The diagnosis of acute coronary syndrome (ACS) has challenged the minds of cardiologists, emergency physicians and laboratorists for decades. A major breakthrough has, however, occurred at the dawn of the third millennium, with development, commercialization and introduction into clinical practice of troponin immunoassays. A novel generation of these methods, conventionally defined as "high-sensitivity" (HS), has more recently emerged. These latest generation assays are characterized by improved analytical sensitivity, which would theoretically allow earlier and more efficient diagnosis of ACS. Despite the considerable amount of information gathered over the past few years about the clinical use of conventional and HS immunoassays, several doubts persist and - according to our personal perspective - the evidence that the latest generation methods would represent a real breakthrough in management of patients in short-stay units such as the emergency department is still an unresolved issue.

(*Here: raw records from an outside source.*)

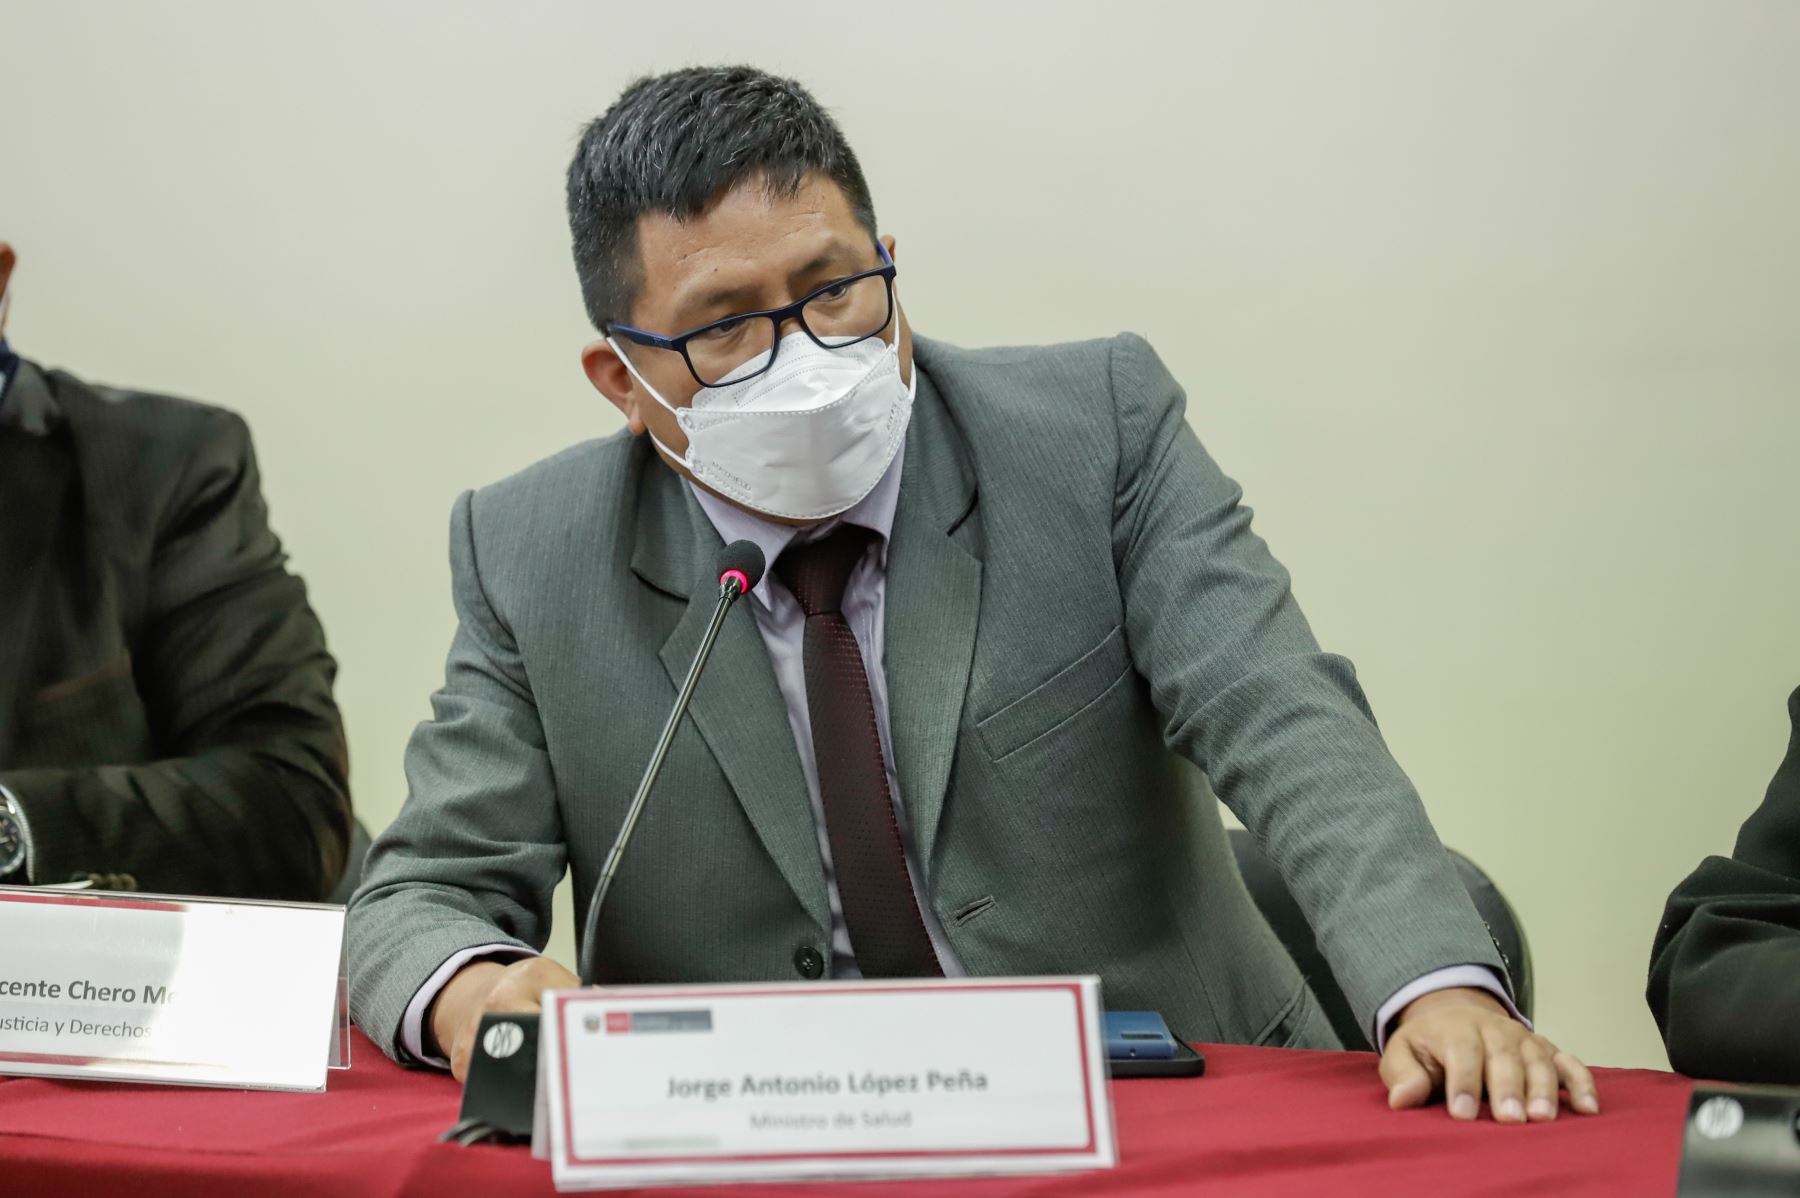 Ministro de Salud, Jorge López Peña, anunció medidas para mejorar situación de los profesionales de salud contratados bajo la modalidad de CAS Covid-19. ANDINA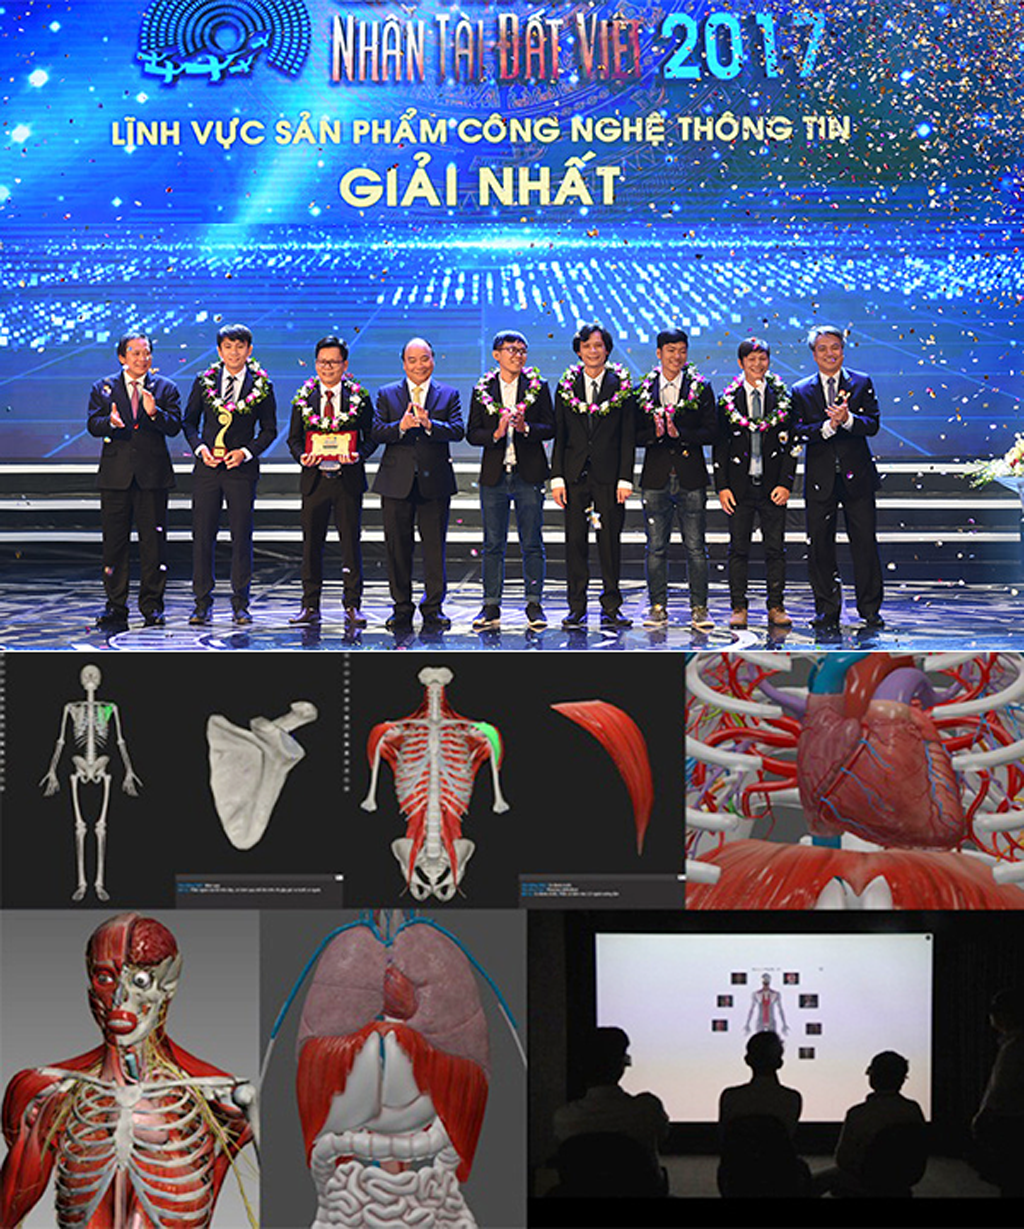 Thủ tướng Nguyễn Xuân Phúc trao giải Nhất lĩnh vực CNTT Giải thưởng Nhân tài Đất việt 2017 cho nhóm tác giả ĐH Duy Tân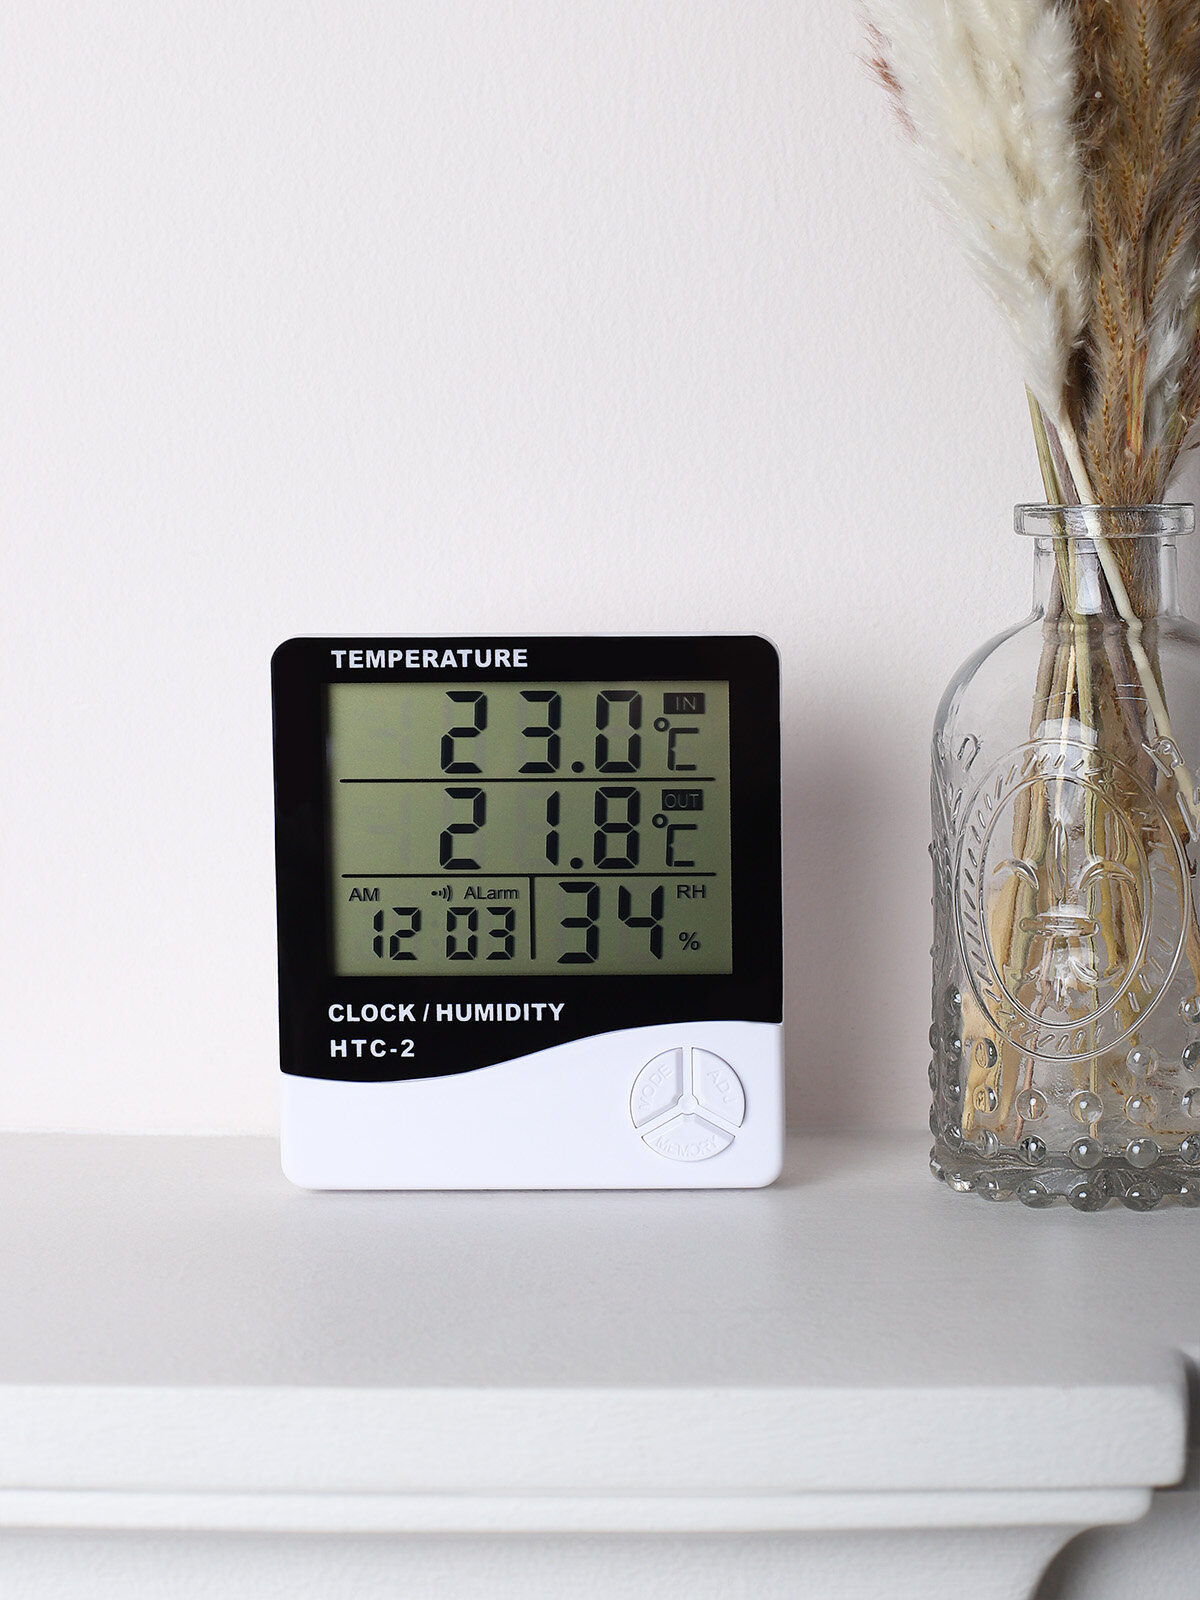 Электронная метеостанция термометр HTC-2 измерение температуры дома и на улице +электронные часы-будильник + определение влажности воздуха

Beside the mystifying nomenclature that characterizes several commercial tests, recent evidence suggests that the diagnostic performance of some contemporary sensitive methods would equal those of HS immunoassays for early diagnosis, serial assessment and even prognostication of patients. Conversely, the better diagnostic specificity of conventional methods may represent an advantage for triaging patients in overcrowded emergency departments. There is hence a tangible threat that the measurement of troponin with HS methods would become more or less an "expensive cholesterol of the third millennium", and this risk must be carefully considered in a world of limited resources. So, our answer to the question if we do really need HS troponin immunoassays in the emergency department is "maybe not".